Local Mark Sidaway said the recent spout of torrential rain had ballooned the kangaroo population in the region.
“The last couple of years we‘ve had La Niña where we get a lot more rain and conditions are conducive to grass growing and we all manage our lawns very well,” he said.
“Some people are very good mowers and they keep it shorter, which means fewer kangaroos in your yard, and if you don‘t mow as regularly, you’re going to get big herds coming into your yard.”
“They‘ve multiplied because we have provided a Sizzler smorgasbord for them. Hopefully, people get the message and stop mistreating them, and maybe the other person walking down the street doesn‘t get belted,” said Sidaway.

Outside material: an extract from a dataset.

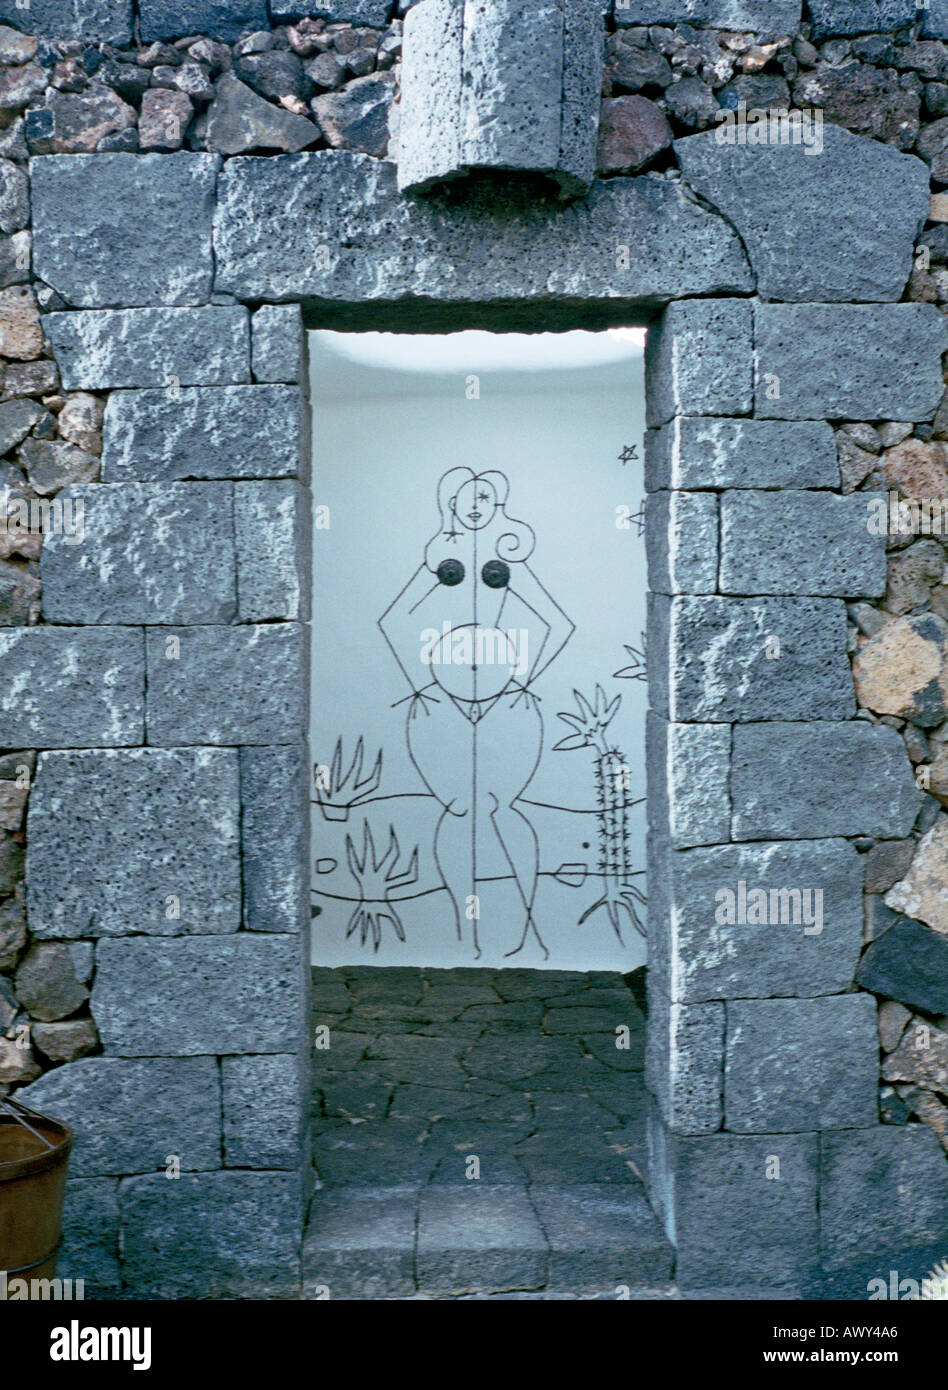 La femme cartoon exécuté par Cesar Manrique au jardin de cactus de Lanzarote island pour indiquer les toilettes publiques Banque D'Images

DES manager for southern wildlife operations Frank Mills said Maaroom is facing a somewhat unique scenario, revealing a number of attacks had been by female kangaroos which are known to be less aggressive.
“While there actually are quite a few attacks with kangaroos in Queensland, mostly they’re dealing with male kangaroos and it’s usually a territorial or a mating display,” Mr. Mills said. All of these issues have been with female kangaroos with a joey at foot.”
“We‘ve counted more than 60 to 80 kangaroos on any given day within the town itself and the local forests that surround that wouldn’t support that many kangaroos.”
Mr. Mills warned residents against feeding their feisty neighbors.
“This can have a negative effect and actually encourage them to get closer to humans,” he said. “The other thing that we‘ve had reported is that there are other people in the town who are potentially using things like gel blasters to discourage kangaroos.”
“That can have a negative effect on how those animals feel about humans and it may make them more aggressive,” Mills said.